Je hais les haies
Je hais les haies. Bien sûr, jadis elles furent utiles, humbles, pittoresques quand elles séparaient les champs avant le remembrement.
Haies de charmes, de prunelliers, d'aubépiniers, d'églantiers où s'emmêlaient les ronces, le lierre, les fleurs sauvages, haies de saules tronqués le long des rivières. Les oiseaux y nichaient, les perdrix y pondaient leurs œufs à l'abri des renards, martres, fouines afin de voir éclore les perdreaux de l'année. Quand on oubliait de les tailler l'espace d'une saison, elles ombraient les chemins creux pour favoriser les ébats amoureux.
Ça, c'était les haies libres que j'aimais.

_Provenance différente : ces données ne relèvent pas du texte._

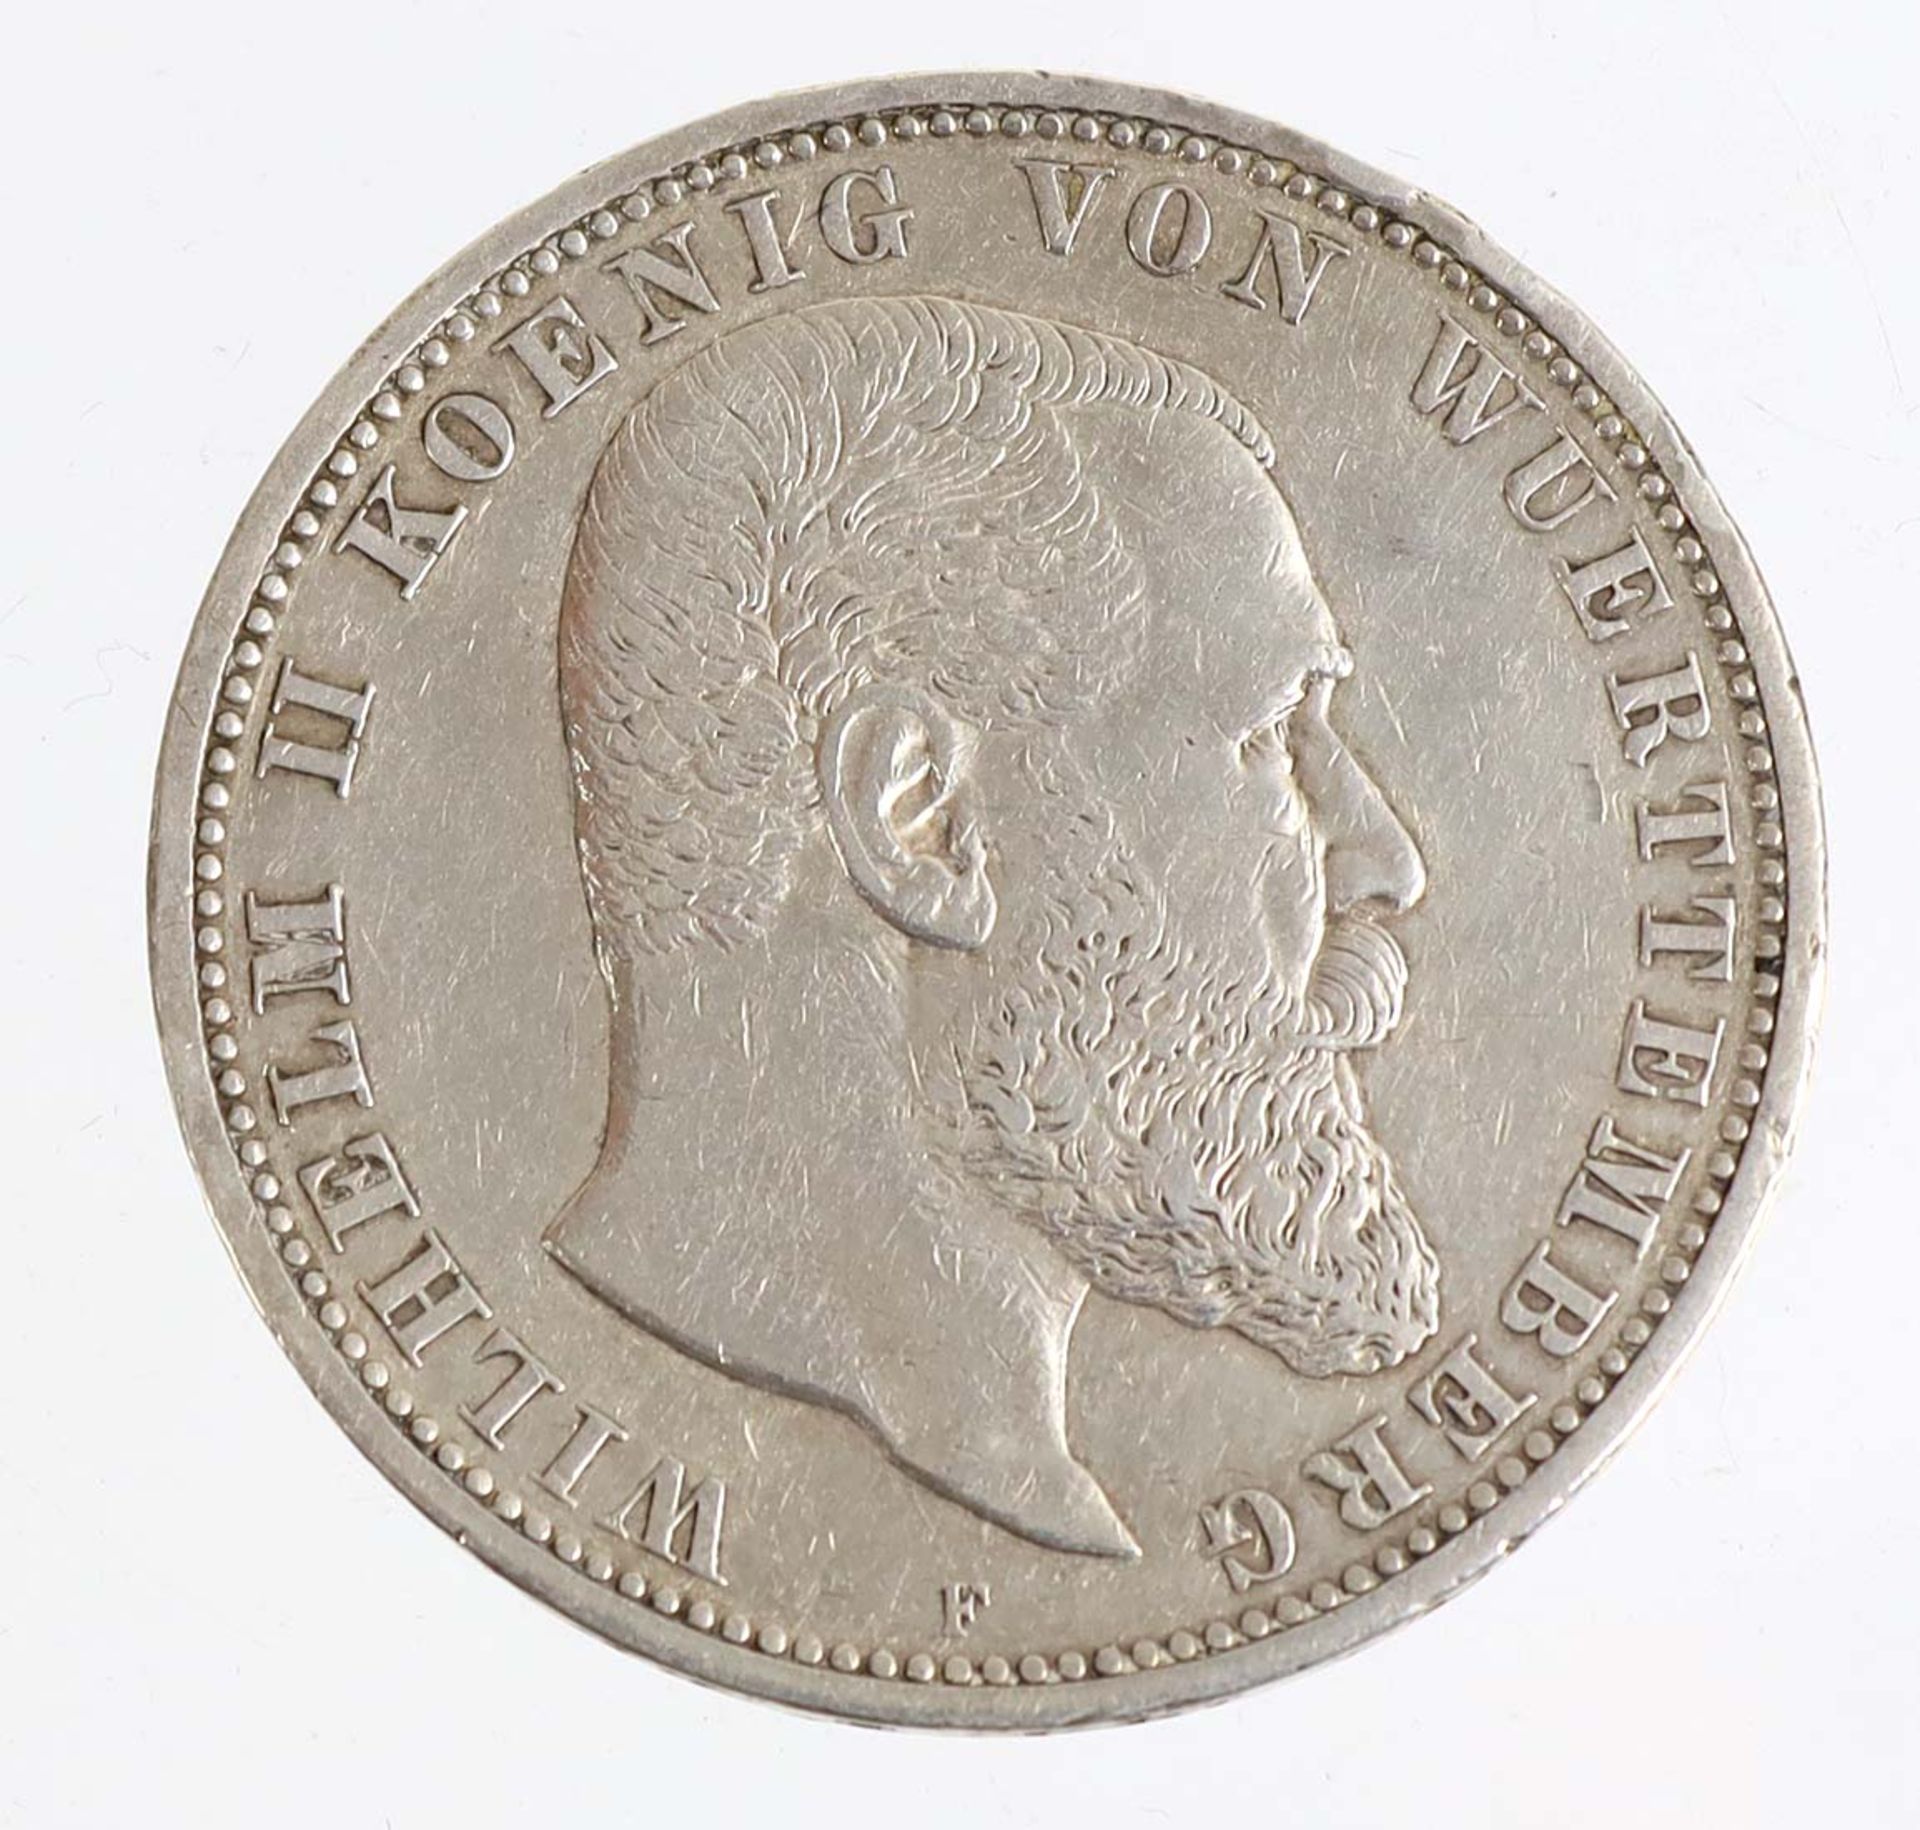 5 Mark Wilhelm II Wuerttemberg 1900 FSilbermünze Fünf Mark Deutsches Reich 1900, so

Lorsqu'on vivait en trimardeur, on pouvait se coucher sur le matelas d'herbe qui les bordait, protégé du vent, les yeux fixés vers les étoiles, pour y dormir ensuite durant la nuit.

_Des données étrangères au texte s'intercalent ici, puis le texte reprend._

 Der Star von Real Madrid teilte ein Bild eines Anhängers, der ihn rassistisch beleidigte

Mais la haie d'aujourd'hui, style Maisons et jardins, inutile, la haie d'apparat qui rogne les fusains, les lauriers du Caucase, les ifs, les thuyas simplement pour le plaisir de faire fonctionner son taille-haie électrique, je l'exècre. Pourquoi cette révolte soudaine ? Parce qu'un oiseau que je ne connais pas personnellement, sans doute le rouge-gorge venu à l'automne il y a quatre ans, où un merle, a chié la graine d'un troène qui s'est mis à germer tout seul dans un coin du jardin.
Grandet, je le laisse pousser comme un arbuste au lieu de le tailler et de le placer en rang avec d'autres infirmes. Et s'il s'agit d'un ligustrum vulgare, il a des chances d'atteindre cinq mètres avant moi.